In YouTube, there were more negative opinions (n = 12) than positive opinions (n = 2) regarding the Sewol Ferry Disaster. In the bar graph analysis for Twitter, there were more negative opinions (n = 138) than positive opinions (n = 21) regarding the matter of the Sewol Ferry Disaster. Bar graph analysis for Facebook also showed much more negative opinions (n = 135) than positive opinions (n = 32) regarding the Sewol Ferry Disaster. Most top ranked words were targeted against the ex-president Geun-Hye Park and her policies.

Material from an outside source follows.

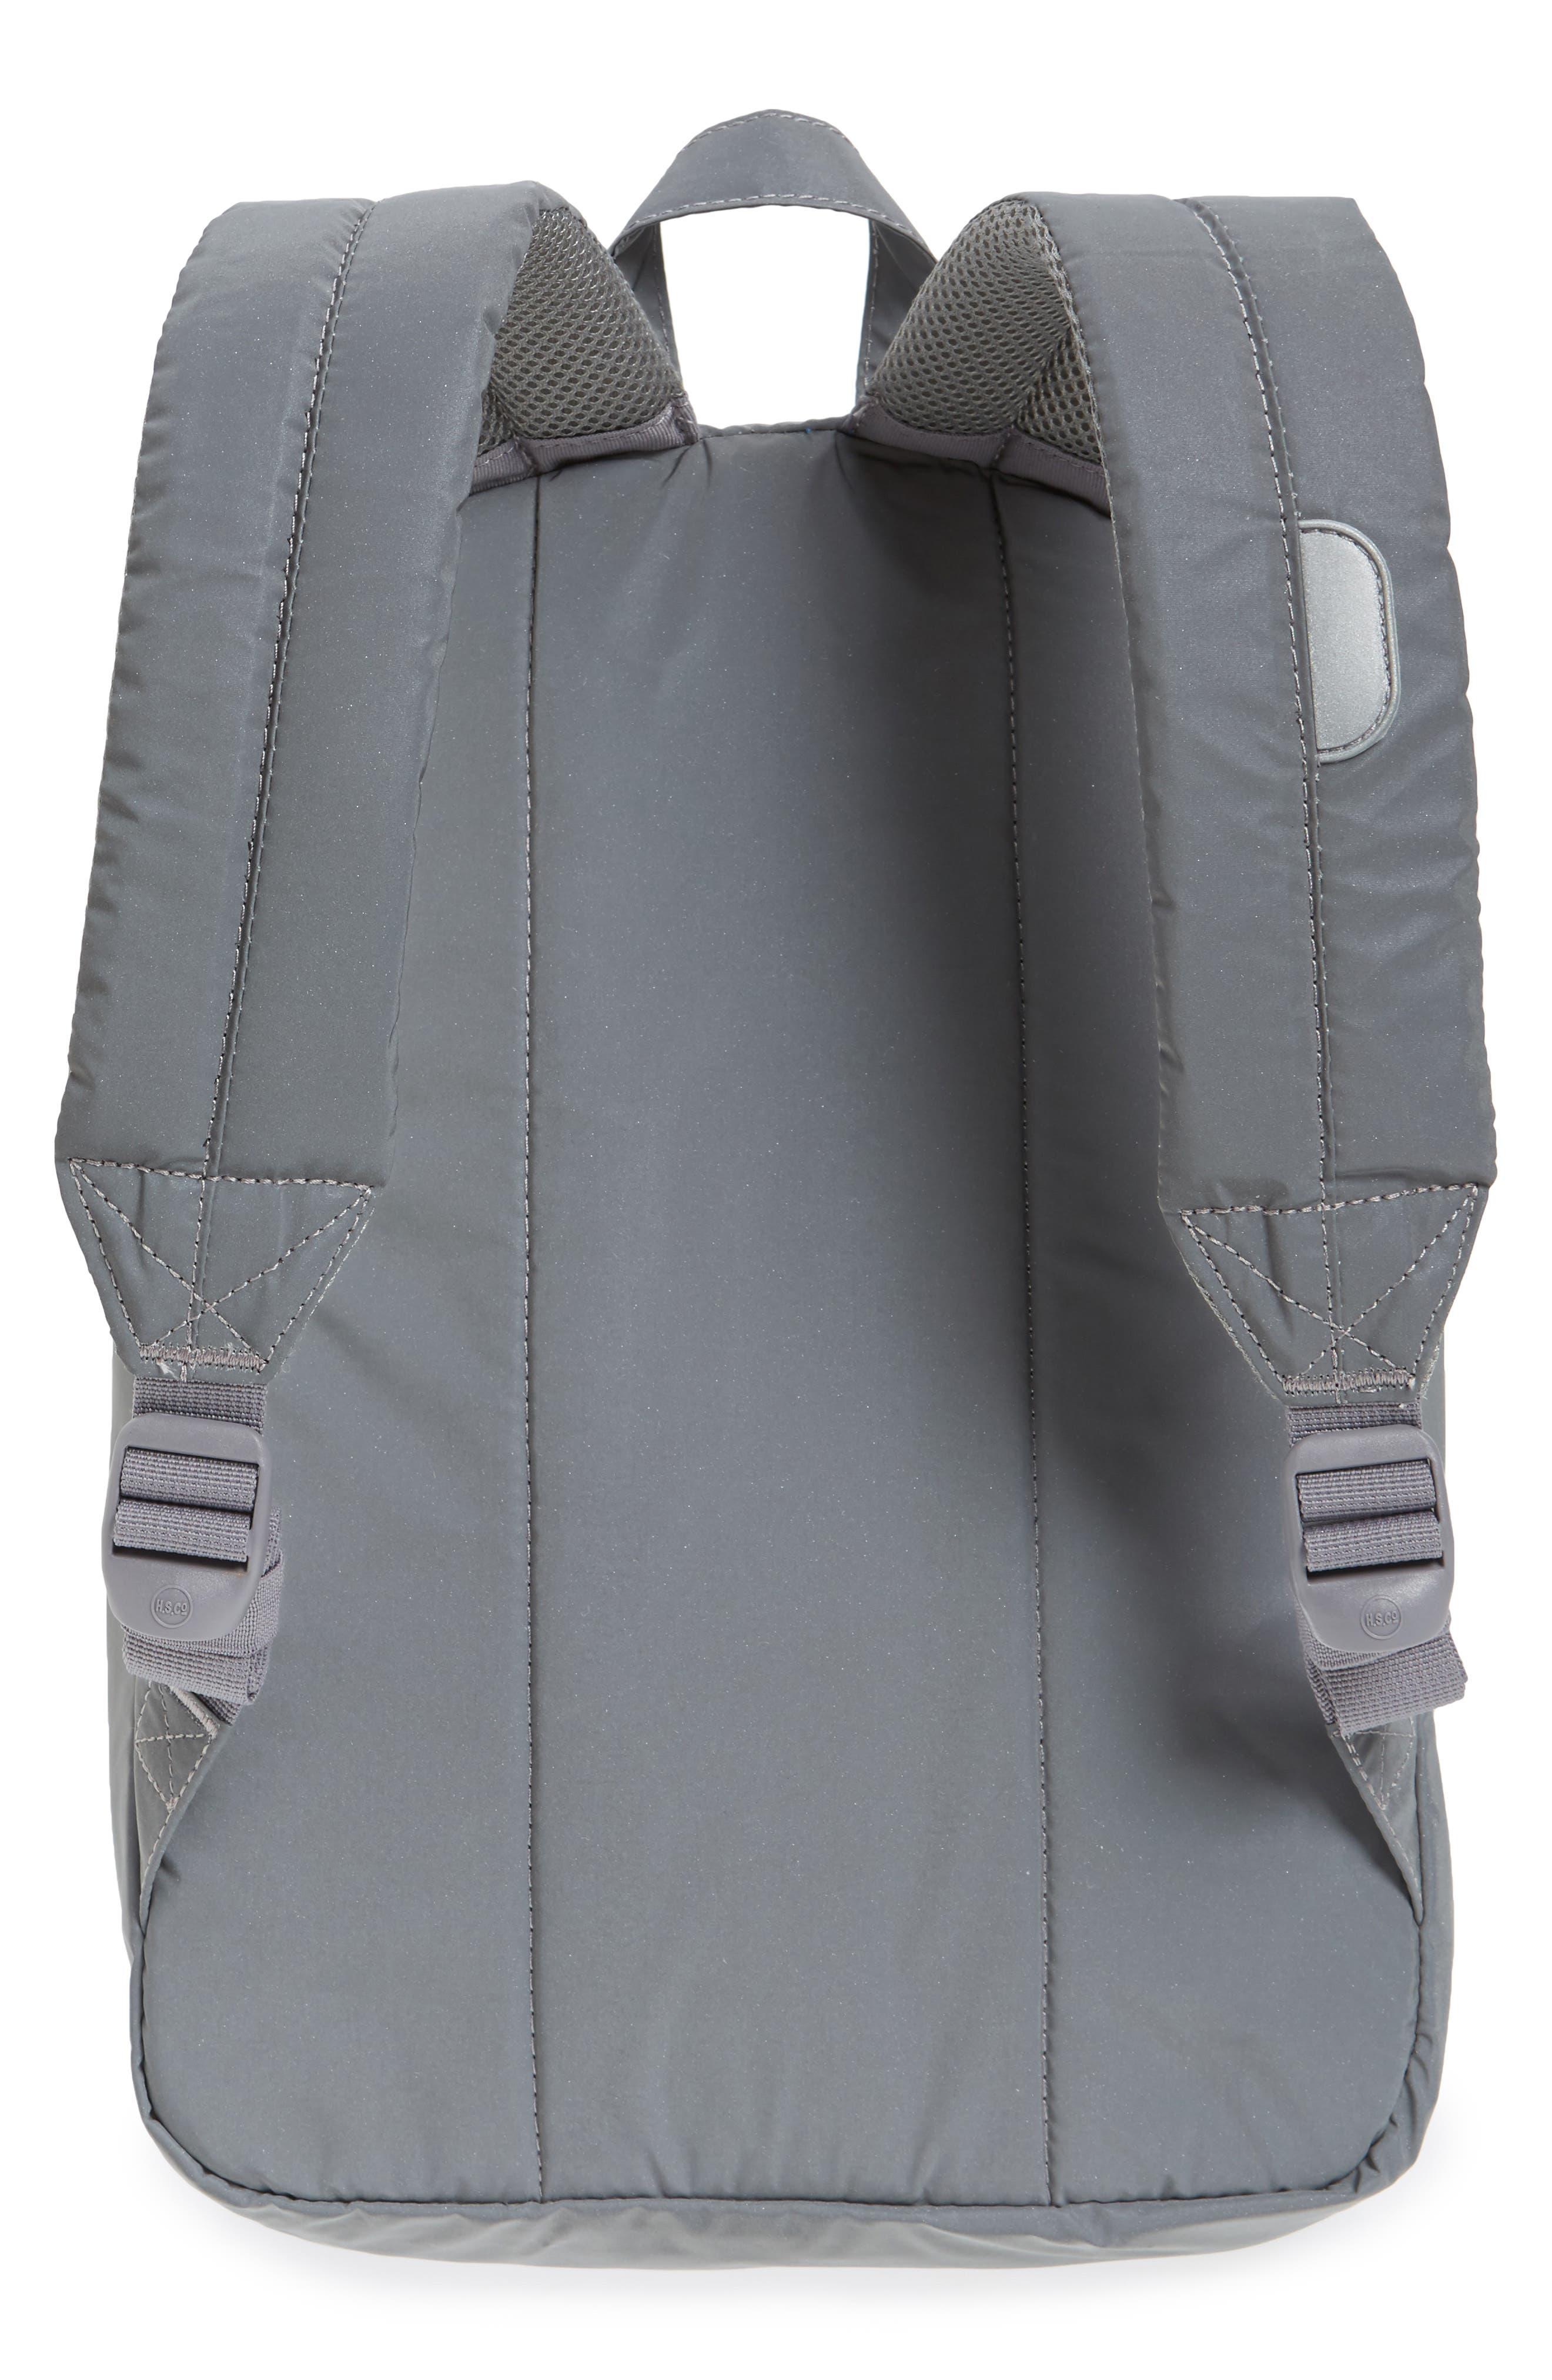 Alternate Image 2  - Herschel Supply Co. Heritage Reflective Backpack (Kids)

Word cloud analysis results are shown in Figure 5. The larger the word, the larger its impact. The brighter the red of the word, the more negative weight the word represents. Also, words that are more centered meant that they were more significant and were more frequently used.
Figure 5. Word cloud analysis results for YouTube (a - negative, b - positive), Twitter (c - negative, d - positive), and Facebook (e - negative, f - positive).

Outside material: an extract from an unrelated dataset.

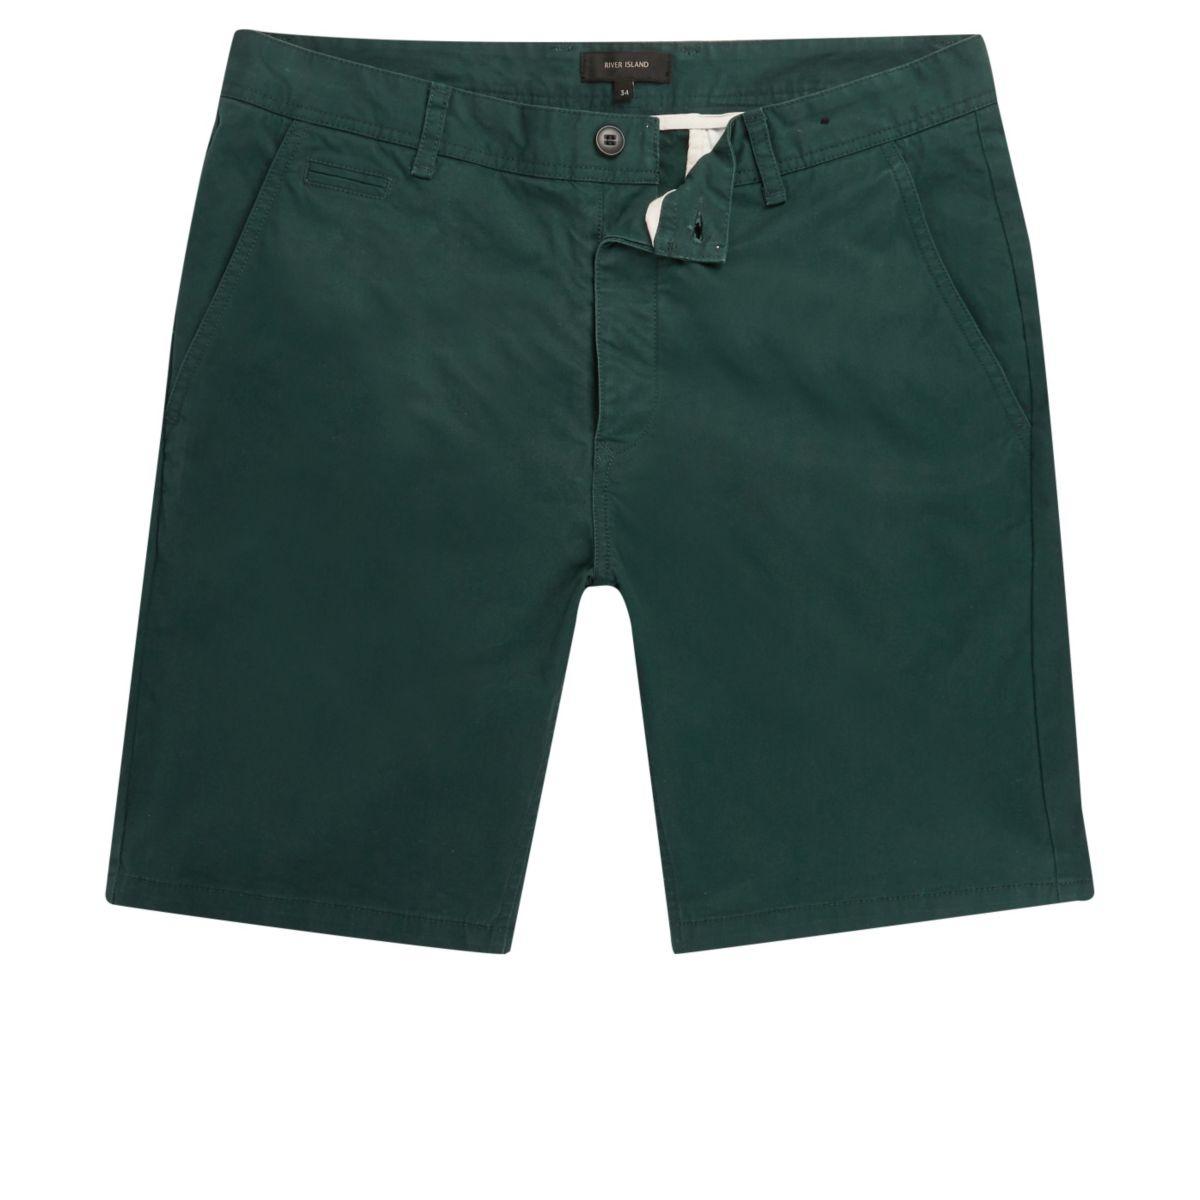 Green slim fit shorts

In YouTube, words such as ex-president Geun-Hye Park, South Korea, and Seung-Min Yu (a friendly South Korean politician to the ex-president) were the top three negative sentiment words in the word cloud (Figure 5a). Word cloud analysis results from Twitter showed words such as ex-president Geun-Hye Park, South Korea, and Cheongwadae (the Blue House, the Korean presidential residence) to be the top three most negative words chosen (Figure 5c). As for Facebook, the word cloud analysis results showed words such as ex-president Geun-Hye Park, South Korea, and Saenuri Party (the ex-president's political party at the time) as the top three negative words chosen (Figure 5e).

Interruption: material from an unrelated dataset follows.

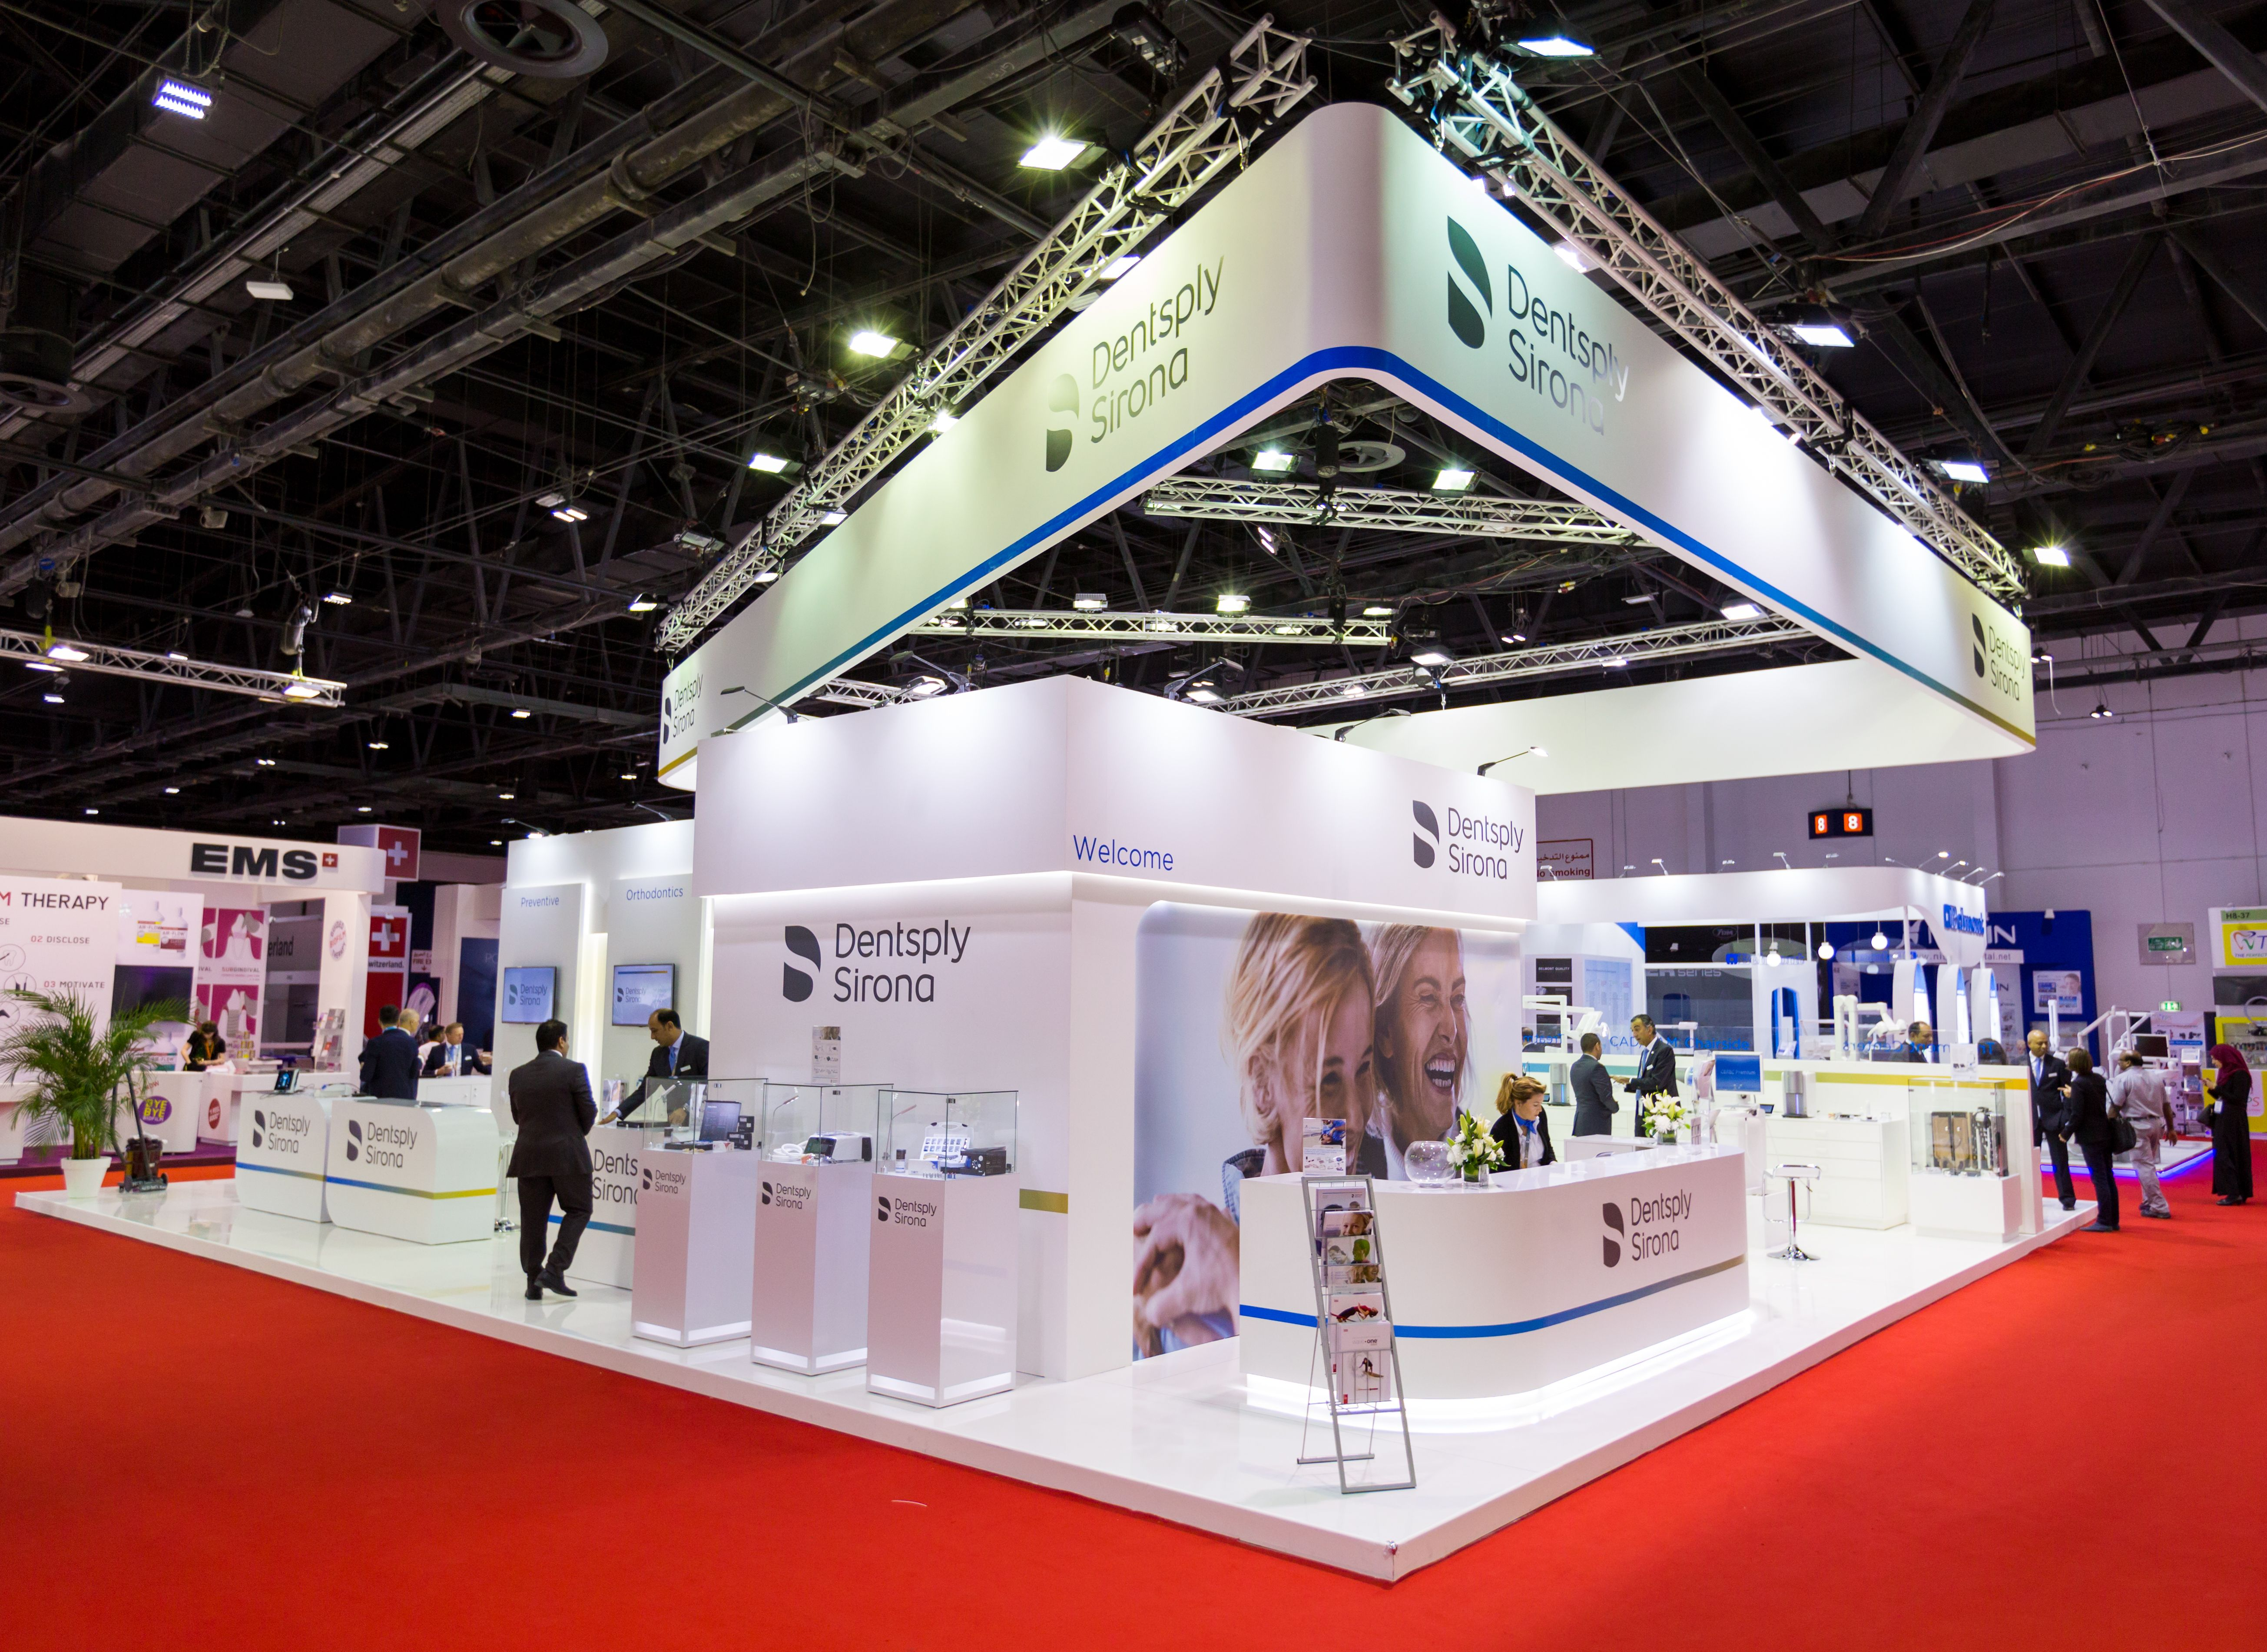 Asiatic Expo Exhibition Stand Design Amp Build : R e d international exhibition management

In YouTube, words such as South Korea, and Eojun Kim (Korean celebrity) were two scarcely selected positive sentiment words in the word cloud (Figure 5b). Word cloud analysis results from Twitter showed words such as KBS (Korea Broadcasting System), ex-President Mu-Hyeon, Rho, and Min-su, Choi (Korean celebrity) to be the three positive words chosen (Figure 5d). As for Facebook, the word cloud analysis results showed words such as ex-president Geun-Hye Park (by surname), Seoul, and the Unified Progressive Party (minority political party with positive impression at the time) as the three positive words chosen (Figure 5f).
Data Mining Results by Phrases, Entity, and Query Topic
Data mining results by phrases, entity, and query topic are shown in Table 1. For YouTube, phrases with negative sentiments (n = 200) were more common than those with positive sentiments (n = 115) by 63.5%. Regarding entities, negative sentiment (n = 43) was larger than positive sentiment (n = 10) by 81.1%. Lastly, in the case of queries, negative sentiment (n = 9) was larger than positive sentiment (n = 3) by 75.0%. All difference results between negative, neutral, and positive identified with ANOVA were statistically significant at under a 95% confidence interval (p < 0.001).
In Twitter's case for phrases, negative sentiment (n = 390) was larger than positive sentiment (n = 172) by 69.4%. In the case of entities, negative sentiment (n = 290) was larger than positive sentiment (n = 125) by 69.9%. Lastly, regarding queries also, negative sentiment (n = 35) was larger than positive sentiment (n = 6) by 85.4%. All difference results between negative, neutral, and positive shown with ANOVA were statistically significant at under a 95% confidence interval (p < 0.001).
Facebook data mining phrases results showed negative sentiment (n = 362) to be larger than positive sentiment (n = 253) by 58.9%. Regarding entities, negative sentiment (n = 260) was again larger than positive sentiment (n = 82) by 76.0%. Lastly, in the case of queries, negative sentiment (n = 24) was larger than positive sentiment (n = 8) by 75.0%.
Sentiment Analysis by Monthly Trends
A sentiment analysis by monthly trends of all social media (YouTube, Twitter, and Facebook) used in this study is shown in Figure 6. Negative sentiment boomed during the time immediately after the Sewol Ferry Disaster and then faltered as time went by. There was a momentary peak of negative sentiment in August. Negative sentiment also started to rise slightly during the period approaching the anniversary of the Sewol Ferry Disaster.
Discussion
This research implemented machine learning-based data crawling and mining methods for sentiment analysis of the Sewol Ferry Disaster and social stress. Overall, the research results showed an undisputable negative sentiment regarding the social issue of the Sewol Ferry Disaster. Fundamental agents that led to negative sentiments were ex-president Geun-Hye Park and her related political parties (Saenuri Party) and politicians (Seung-Min Yu).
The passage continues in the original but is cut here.